▶ _Exercise requirements_: The expected output is each entry, given again exactly.

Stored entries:
· · · · · · ·

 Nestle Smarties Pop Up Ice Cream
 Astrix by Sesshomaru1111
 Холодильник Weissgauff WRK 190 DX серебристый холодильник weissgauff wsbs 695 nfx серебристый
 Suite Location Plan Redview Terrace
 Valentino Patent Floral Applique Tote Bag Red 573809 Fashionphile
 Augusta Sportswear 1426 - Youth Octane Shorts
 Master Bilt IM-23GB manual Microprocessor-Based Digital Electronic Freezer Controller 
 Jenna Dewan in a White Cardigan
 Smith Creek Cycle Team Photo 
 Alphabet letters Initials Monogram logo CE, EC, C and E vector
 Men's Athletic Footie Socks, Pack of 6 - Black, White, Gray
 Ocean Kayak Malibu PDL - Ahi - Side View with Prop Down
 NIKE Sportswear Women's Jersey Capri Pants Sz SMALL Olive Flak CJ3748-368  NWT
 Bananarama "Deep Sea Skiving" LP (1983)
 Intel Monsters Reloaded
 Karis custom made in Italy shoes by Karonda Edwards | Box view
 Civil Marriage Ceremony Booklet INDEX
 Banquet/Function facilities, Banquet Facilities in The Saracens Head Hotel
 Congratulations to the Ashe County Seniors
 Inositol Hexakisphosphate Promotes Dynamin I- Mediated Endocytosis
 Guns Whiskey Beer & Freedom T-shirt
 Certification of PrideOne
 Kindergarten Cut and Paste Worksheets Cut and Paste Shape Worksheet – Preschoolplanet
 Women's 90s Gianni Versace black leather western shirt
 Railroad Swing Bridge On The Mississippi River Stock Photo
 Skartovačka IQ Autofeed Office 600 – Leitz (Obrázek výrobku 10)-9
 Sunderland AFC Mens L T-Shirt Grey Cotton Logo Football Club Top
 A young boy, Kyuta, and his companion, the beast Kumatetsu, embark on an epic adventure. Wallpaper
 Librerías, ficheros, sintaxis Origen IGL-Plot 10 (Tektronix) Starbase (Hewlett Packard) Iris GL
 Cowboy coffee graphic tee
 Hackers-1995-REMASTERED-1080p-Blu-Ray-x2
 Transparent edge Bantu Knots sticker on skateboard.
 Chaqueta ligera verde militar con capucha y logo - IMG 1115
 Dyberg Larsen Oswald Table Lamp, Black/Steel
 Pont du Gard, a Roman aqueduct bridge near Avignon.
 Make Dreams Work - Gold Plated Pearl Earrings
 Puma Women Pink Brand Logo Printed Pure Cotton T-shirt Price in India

· · · · · · ·

▶ _Exercise response_:
 Nestle Smarties Pop Up Ice Cream
 Astrix by Sesshomaru1111
 Холодильник Weissgauff WRK 190 DX серебристый холодильник weissgauff wsbs 695 nfx серебристый
 Suite Location Plan Redview Terrace
 Valentino Patent Floral Applique Tote Bag Red 573809 Fashionphile
 Augusta Sportswear 1426 - Youth Octane Shorts
 Master Bilt IM-23GB manual Microprocessor-Based Digital Electronic Freezer Controller 
 Jenna Dewan in a White Cardigan
 Smith Creek Cycle Team Photo 
 Alphabet letters Initials Monogram logo CE, EC, C and E vector
 Men's Athletic Footie Socks, Pack of 6 - Black, White, Gray
 Ocean Kayak Malibu PDL - Ahi - Side View with Prop Down
 NIKE Sportswear Women's Jersey Capri Pants Sz SMALL Olive Flak CJ3748-368  NWT
 Bananarama "Deep Sea Skiving" LP (1983)
 Intel Monsters Reloaded
 Karis custom made in Italy shoes by Karonda Edwards | Box view
 Civil Marriage Ceremony Booklet INDEX
 Banquet/Function facilities, Banquet Facilities in The Saracens Head Hotel
 Congratulations to the Ashe County Seniors
 Inositol Hexakisphosphate Promotes Dynamin I- Mediated Endocytosis
 Guns Whiskey Beer & Freedom T-shirt
 Certification of PrideOne
 Kindergarten Cut and Paste Worksheets Cut and Paste Shape Worksheet – Preschoolplanet
 Women's 90s Gianni Versace black leather western shirt
 Railroad Swing Bridge On The Mississippi River Stock Photo
 Skartovačka IQ Autofeed Office 600 – Leitz (Obrázek výrobku 10)-9
 Sunderland AFC Mens L T-Shirt Grey Cotton Logo Football Club Top
 A young boy, Kyuta, and his companion, the beast Kumatetsu, embark on an epic adventure. Wallpaper
 Librerías, ficheros, sintaxis Origen IGL-Plot 10 (Tektronix) Starbase (Hewlett Packard) Iris GL
 Cowboy coffee graphic tee
 Hackers-1995-REMASTERED-1080p-Blu-Ray-x2
 Transparent edge Bantu Knots sticker on skateboard.
 Chaqueta ligera verde militar con capucha y logo - IMG 1115
 Dyberg Larsen Oswald Table Lamp, Black/Steel
 Pont du Gard, a Roman aqueduct bridge near Avignon.
 Make Dreams Work - Gold Plated Pearl Earrings
 Puma Women Pink Brand Logo Printed Pure Cotton T-shirt Price in India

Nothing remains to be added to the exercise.